Finding the culprits:
24.1% 24.1% 4.537s 1.59e-04s 28611 2 GpuFromHost(x)

Profiling A few common names:

Gemm/Gemv, matrix$\times$matrix / matrix$\times$vector
Ger, matrix update
GpuFromHost, data CPU $\to$ GPU
HostFromGPU, the opposite
[Advanced]Subtensor, indexing
Elemwise, element-per-element Ops (+, -, exp, log, ...)
Composite, many elemwise Ops merged together.

Loops and recurrent models Theano has loops, but can be quite complicated.
So here's a simple example

x = T.vector('x')
n = T.scalar('n')
def inside_loop(x_t, acc, n):
  return acc + x_t * n

values, _ = theano.scan(
     fn = inside_loop,
     sequences=[x],
     outputs_info=[T.zeros(1)],
     non_sequences=[n],
     n_steps=x.shape[0])

sum_of_n_times_x = values[-1]

Loops and recurrent models Line by line:

def inside_loop(x_t, acc, n):
  return acc + x_t * n

This function is called at each iteration
It takes the arguments in this order:
1. Sequences (default: seq[t])
2. Outputs (default: out[t-1])
3. Others (no indexing)
It returns out[t] for each output
There can be many sequences, many outputs and many others:

f(seq_0[t], seq_1[t], .., out_0[t-1], out_1[t-1], .., other_0, other_1, ..):

Loops and recurrent models

values, _ = theano.scan(
# ... 
sum_of_n_times_x = values[-1]

values is the list/tensor of all outputs through time.

values = [ [out_0[1], out_0[2], ...],
           [out_1[1], out_1[2], ...],
           ...]

If there's only one output then values = [out[1], out[2], ...]

Loops and recurrent models fn = inside_loop,
The loop function we saw earlier

sequences=[x],
Sequences are indexed over their first dimension.

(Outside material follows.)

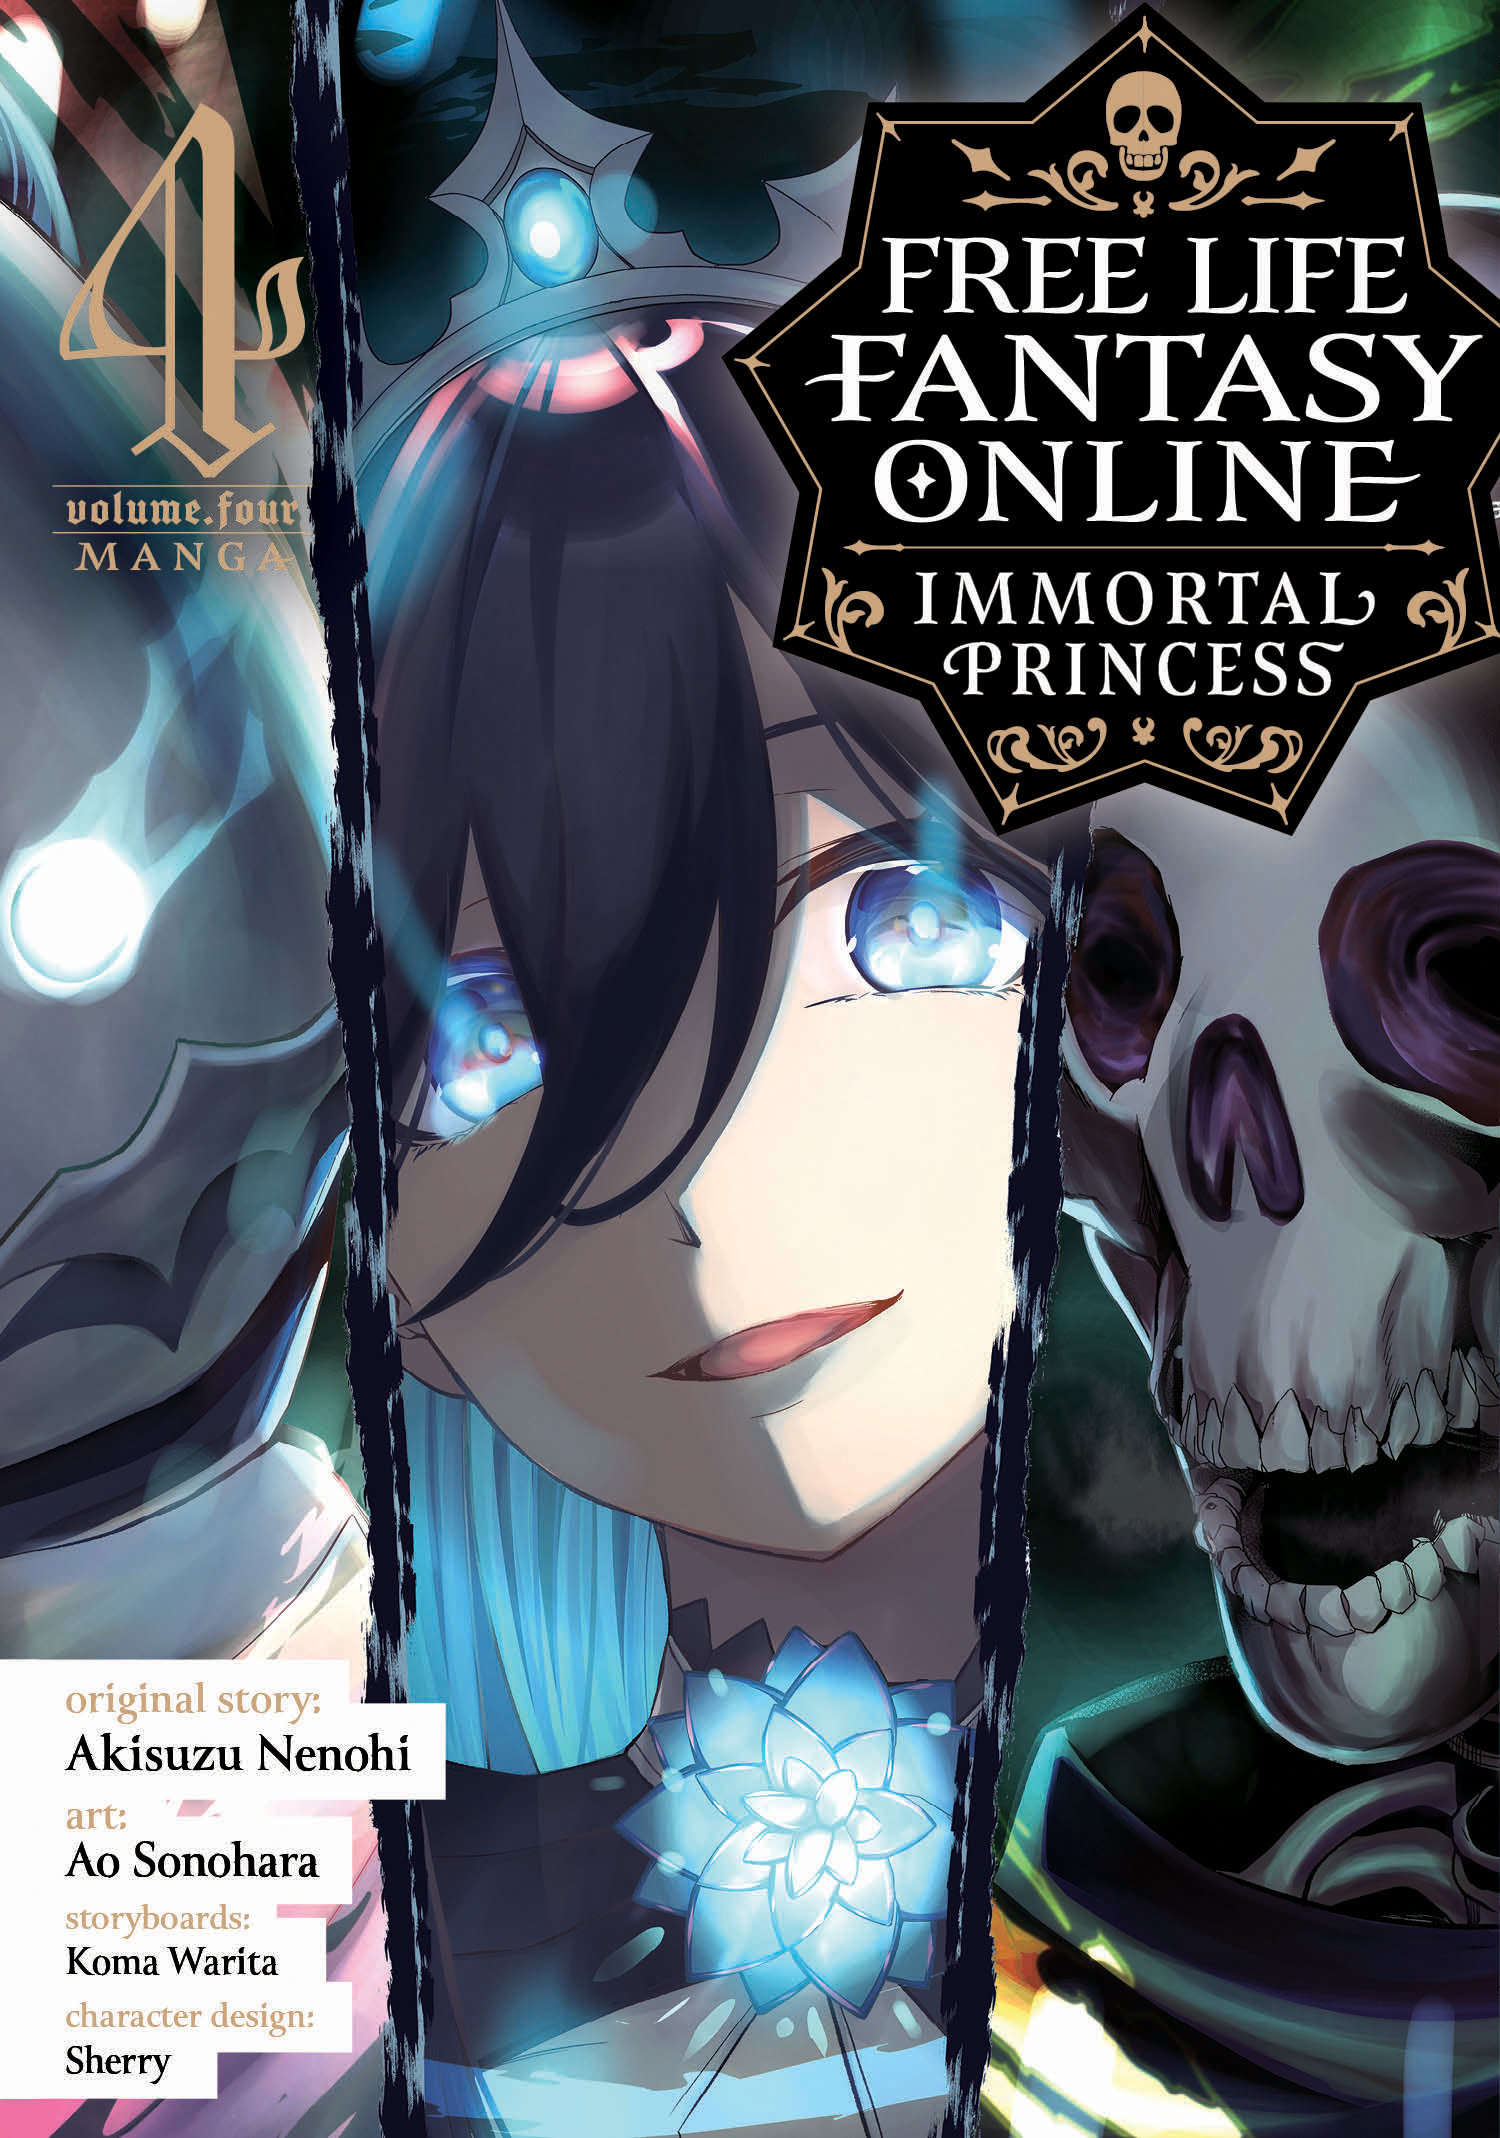 Free Life Fantasy Online Immortal Princess Manga Volume 4

Loops and recurrent models
If you want out[t-1] to be an input to the loop function
then you need to give out[0].
outputs_info=[T.zeros(1)],

If you don't want out[t-1] as an input to the loop,
pass None in outputs_info:
outputs_info=[None, out_1[0], out_2[0], ...],

You can also do more advanced "tapping", i.e. get out[t-k]

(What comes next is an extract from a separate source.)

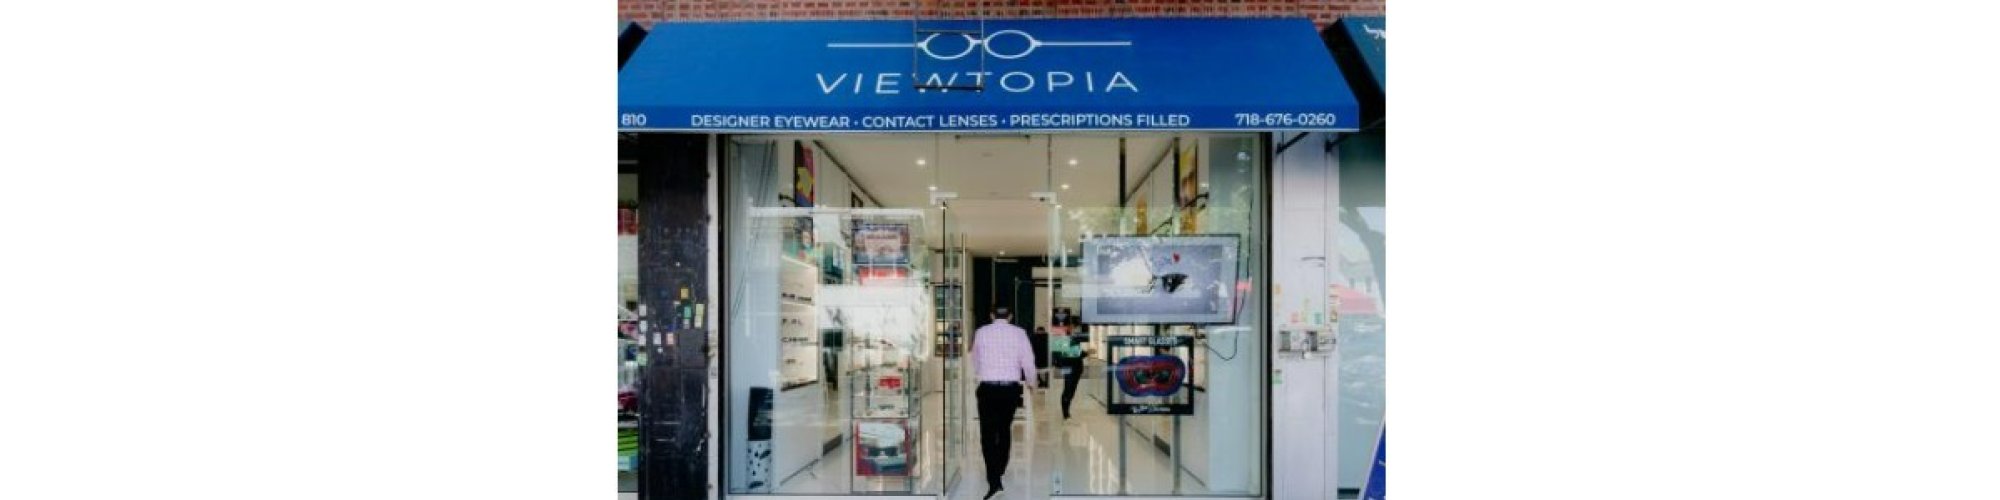 Viewtopia Optical - Prescription Glasses, Sunglasses & Contact Lenses

Loops and recurrent models
non_sequences=[n],
Variables that are used inside the loop (but not indexed).

n_steps=x.shape[0])
The number of steps that the loop should do.
Note that it is possible to do a "while" loop

Loops and recurrent models The whole thing again

x = T.vector('x')
n = T.scalar('n')
def inside_loop(x_t, acc, n):
  return acc + x_t * n

values, _ = theano.scan(
     fn = inside_loop,
     sequences=[x],
     outputs_info=[T.zeros(1)],
     non_sequences=[n],
     n_steps=x.shape[0])

sum_of_n_times_x = values[-1]

A simple RNN
$$ h_t = \mbox{tanh}(x_tW_x + h_{t-1}W_h + b_h) $$ $$ \hat{y} = \mbox{softmax}(h_{T}W_y + b_y) $$

def loop(x_t, h_tm1, W_x, W_h, b_h):
  return T.tanh(T.dot(x_t,W_x) +
                T.dot(h_tm1, W_h) +
                b_h)

values,_ = theano.scan(loop,
    [x], [T.zeros(n_hidden)], parameters)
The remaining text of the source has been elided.